Sarah Brightman. Source: Facebook
The Russian Federal Space Agency Roscosmos has confirmed that British singer Sarah Brightman suspended her training for a tourist spaceflight to the International Space Station (ISS) and that her Japanese backup pilot Satoshi Takamatsu is continuing his training at the Gagarin Cosmonaut Training Center in Zvyozdny Gorodok (Star City) outside Moscow.
"Sarah Brightman has ended her training at the Cosmonaut Training Center.
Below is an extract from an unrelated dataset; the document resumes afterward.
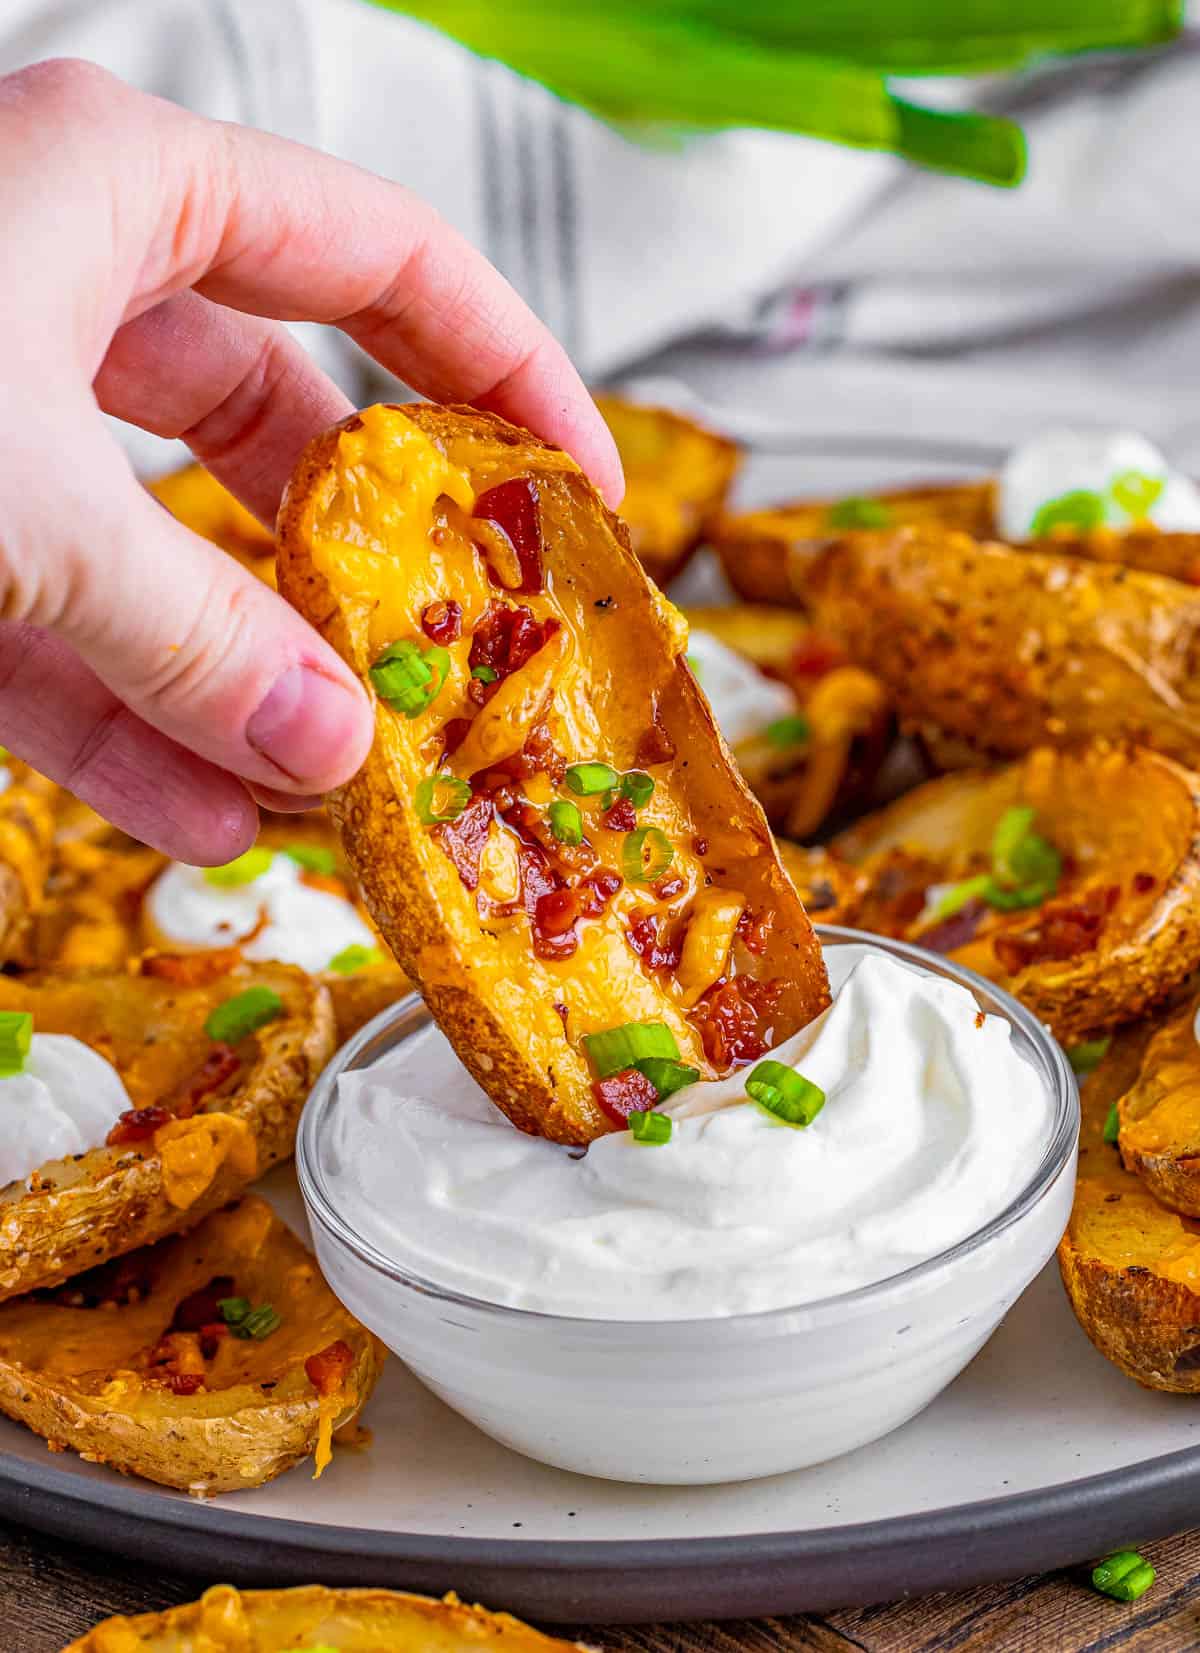 Hand dipping one of the Loaded Potato Skins in sour cream.

Her backup pilot, the Japanese astronaut Satoshi Takamatsu, is continuing his training in Zvyozdny Gorodok under a contract between Roscosmos and Space Adventures," Roscosmos said in a statement shared with Interfax-AVN on Thursday.
It said Brightman suspended her training "for personal family circumstances."
She expressed her "extreme gratitude to Roscosmos, Energia, GCTC [Gagarin Cosmonaut Training Center], Star City, NASA and all the cosmonauts and astronauts, for their support during this exciting time," it said.
"Roscosmos, on its part, hopes that Ms. Brightman's beloved ones will be fine," it said.
It was reported earlier that Brightman had announced a day before that she had postponed her spaceflight.
"Sarah Brightman announced today that she is postponing her plans to launch aboard the upcoming Soyuz TMA-18M spaceflight mission. Ms. Brightman said that for personal family reasons her intentions have had to change and she is postponing her cosmonaut training and flight plans at this time," an announcement on her personal website says.
The new composition of the crew that will head to the ISS onboard Russia's Soyuz-TMA-18M spacecraft on September 1 will be determined in the coming days, a source in space rocket sector told Interfax-AVN.
"At the moment, several candidates are being considered to replace Sarah Brightman, who refused to fly [to the ISS]. Unfortunately, her Japanese backup pilot Satoshi Takamatsu will not be able to join the main crew and fly to the ISS as a space tourist because such a contract has not been signed with him," the source said.
The contract signed with the Japanese citizen only allows him to train in Zvyozdny Gorodok, he said.
"Mr. Takamatsu just wanted to get the idea of the training course and its curriculum. Clearly, the price of his contract does not come within miles of the price for a ten-day flight to the ISS," he said.